IF experiments—focused on visualizing subcellular localization of mCherry-tagged proteins—require targeted adjustments to leverage ABT2080’s specificity and signal clarity. Dilute the Anti-mCherry Tag Mouse Monoclonal Antibody (9D3) to 1:200–1:400 in PBS with 1% BSA and 0.1% Triton X-100; Triton permeabilizes the plasma membrane (critical for intracellular mCherry-tagged proteins) without disrupting the antibody-epitope interaction. Incubate samples at 4°C overnight to reduce non-specific binding—shorter incubations at RT often lead to background fluorescence. For bacterial cells (e.g., E. coli expressing mCherry fusions), skip Triton permeabilization (bacterial cell walls are sufficiently porous) and use a 1:300 dilution to compensate for lower protein expression levels. Pair ABT2080 with a fluorophore-conjugated anti-mouse secondary antibody (e.g., DyLight 488 or Alexa Fluor 594) with minimal cross-reactivity, and mount samples with DAPI-containing media to enable nuclear counterstaining—this combination produces clear, publication-ready images of mCherry localization.

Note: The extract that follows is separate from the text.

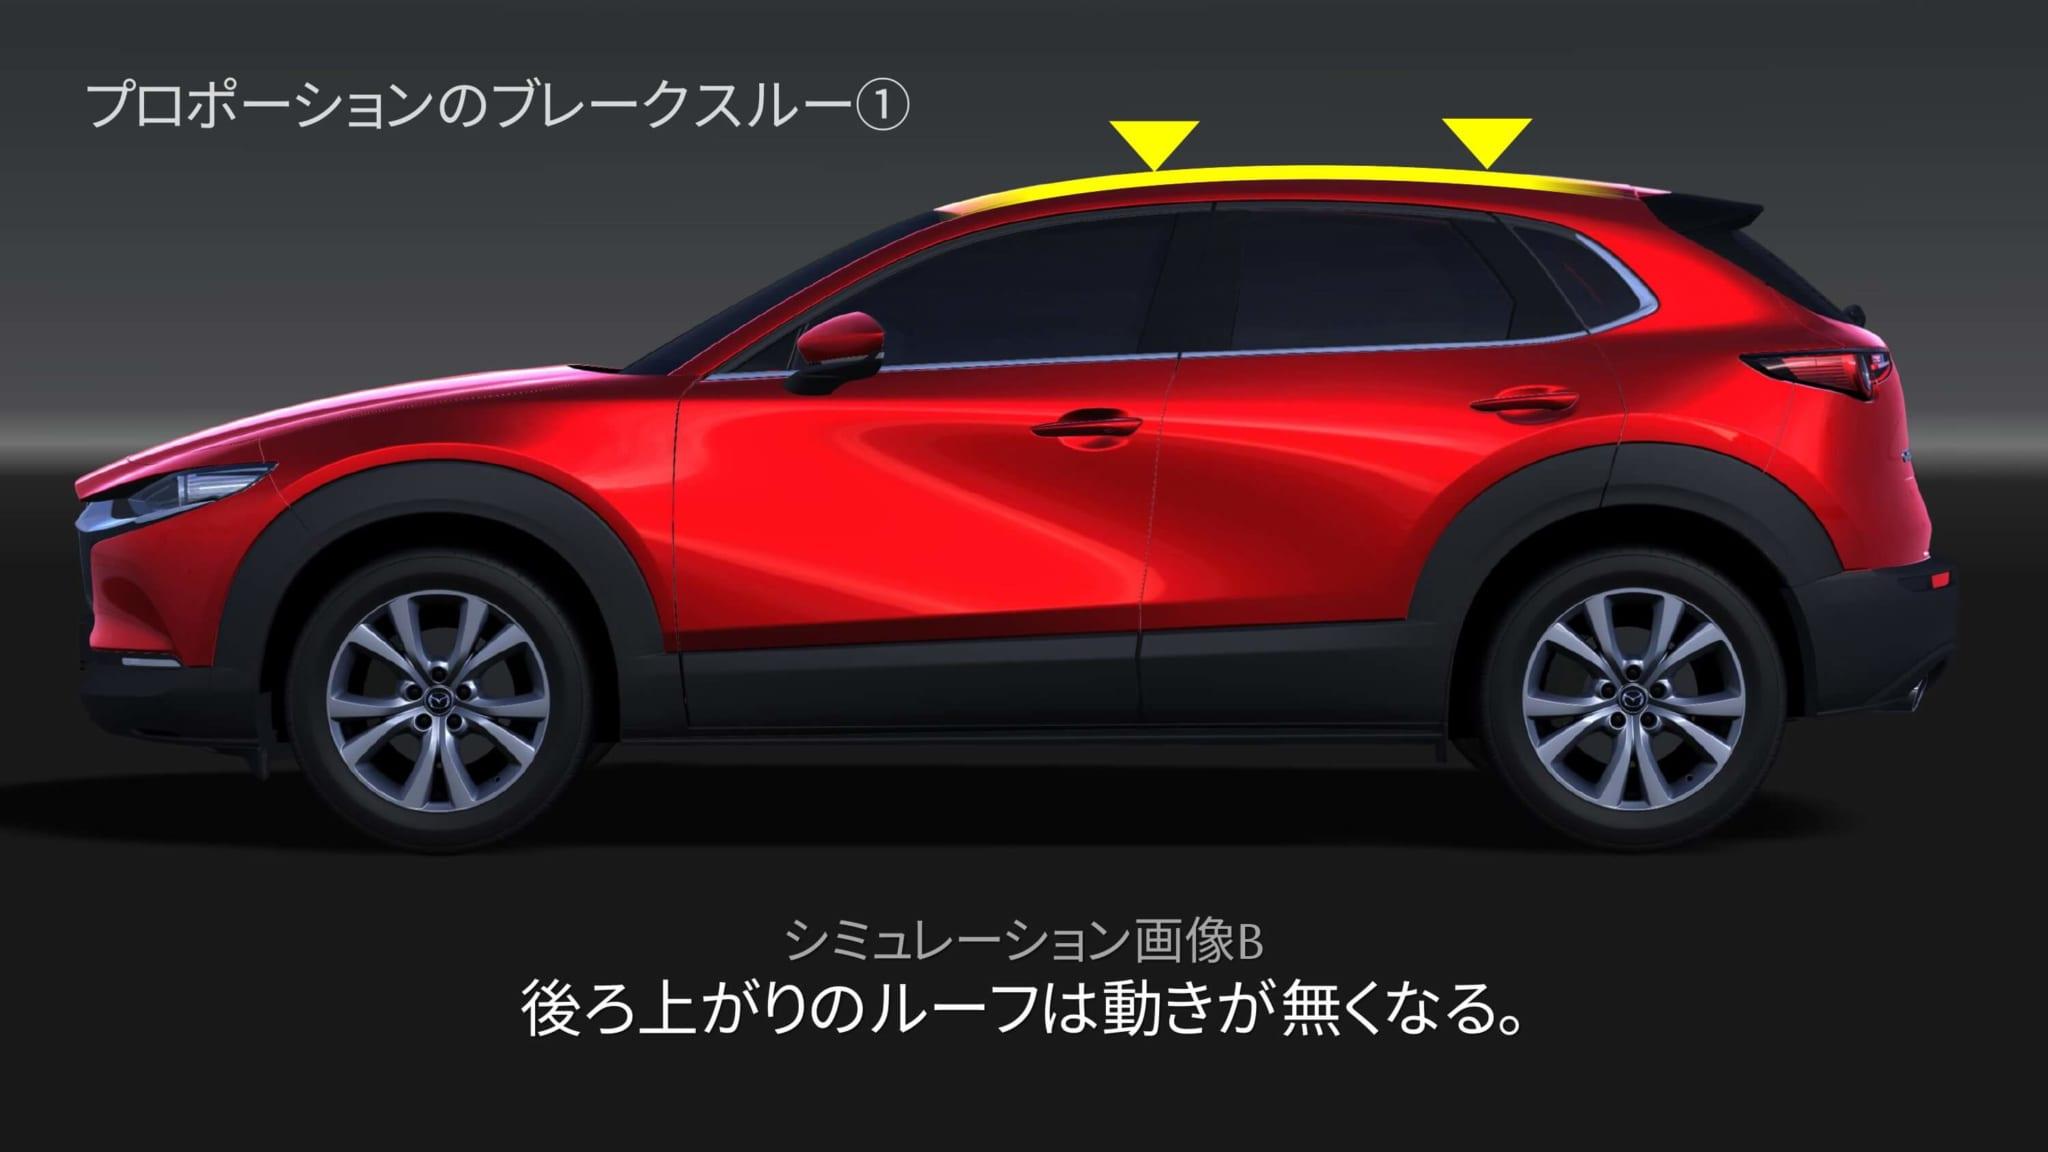 マツダ CX-30 デザイン資料

Beyond application-specific performance, ABT2080’s value proposition is reinforced by Abbkine’s rigorous quality control and market positioning. Priced at $79 for 50μl, it offers a cost-effective alternative to premium anti-mCherry monoclonal antibodies (which often exceed $100 for the same volume) while maintaining strict standards: each batch is tested for batch-to-batch consistency (signal variation <10%), cross-reactivity (no binding to non-mCherry fluorescent proteins like GFP or RFP), and stability (18 months at -20°C when stored in aliquots). This reliability is particularly valuable for academic labs operating on constrained grants and industrial teams running high-throughput assays, as it reduces experimental repetition and resource waste. Unlike generic anti-mCherry antibodies that lack clone-specific validation, the 9D3 clone is optimized exclusively for mCherry, ensuring that researchers receive a reagent tailored to their specific tag detection needs.

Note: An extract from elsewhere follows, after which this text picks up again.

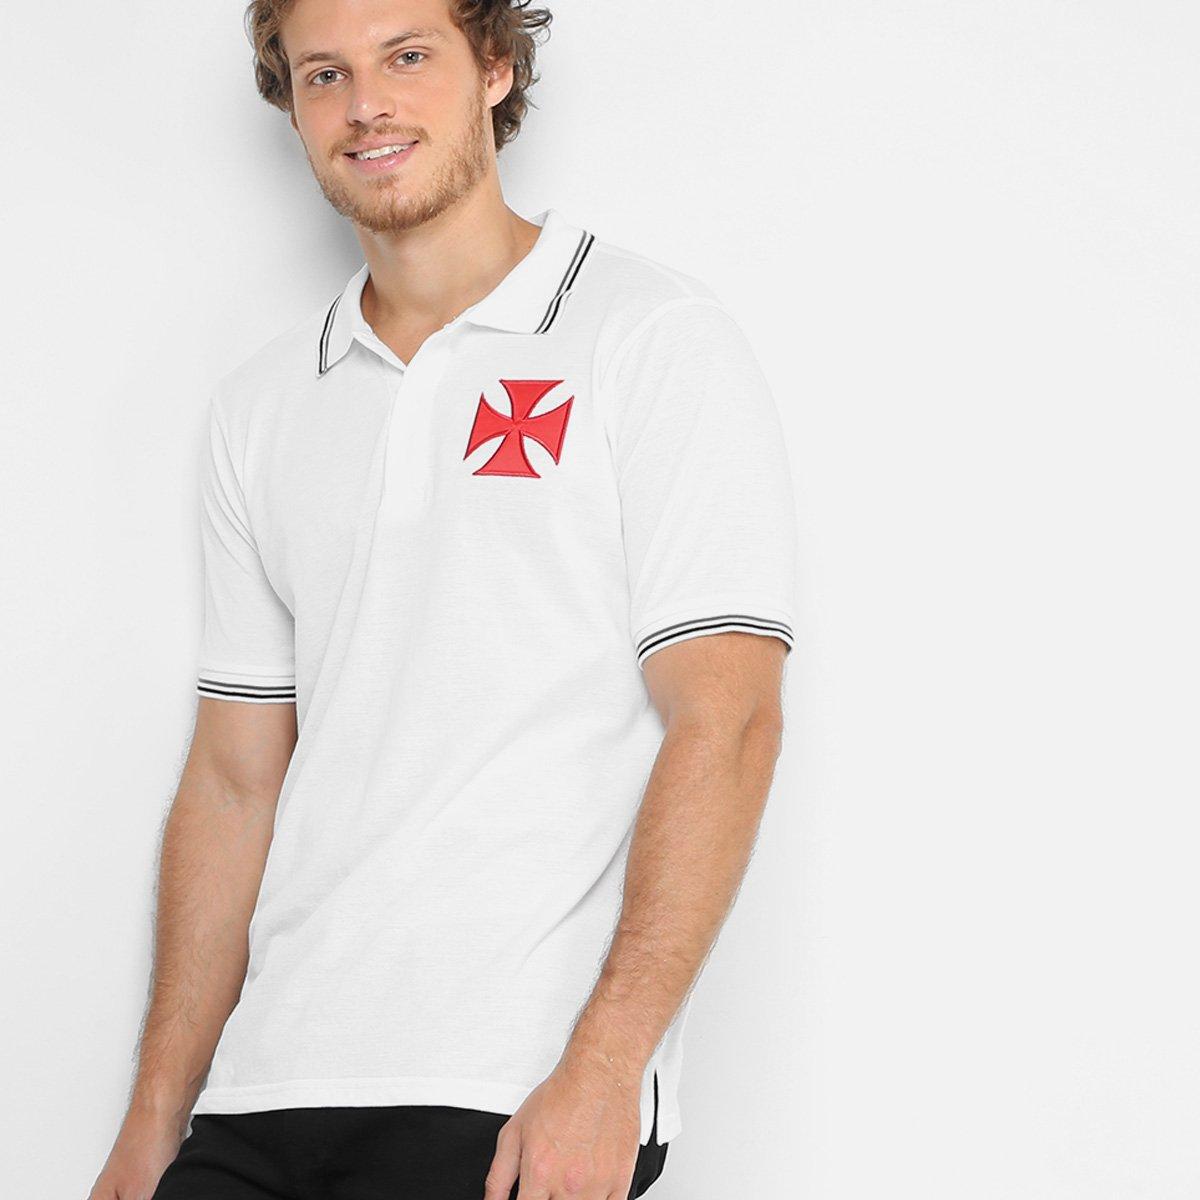 Camisa Polo Vasco Piquet Kehl Masculina - Branco - Compre Agora ... 95dc557529836

For researchers seeking a robust, versatile tool to streamline mCherry tag detection across IF and WB, Abbkine’s Anti-mCherry Tag Mouse Monoclonal Antibody (9D3) (ABT2080) stands as a benchmark solution. Its monoclonal specificity, dual-application compatibility, cross-species reactivity, and actionable optimization guidelines address the most pressing pain points of mCherry research, enabling consistent, publishable results. Whether quantifying protein expression via WB in bacterial or mammalian systems, or visualizing subcellular localization via IF, ABT2080 delivers the precision and efficiency required for modern biological research. To explore detailed technical specifications, access application-specific protocol templates, and procure the reagent, visit the official product page: https://www.abbkine.com/?s_type=productsearch&s=ABT2080. In an era where experimental reproducibility and workflow efficiency are paramount, ABT2080 redefines what a specialized tag antibody should be—targeted, reliable, and designed to accelerate discovery.

Would you like me to compile a concise application optimization checklist for ABT2080, summarizing key dilution ratios, blocking conditions, and troubleshooting tips for both IF and WB?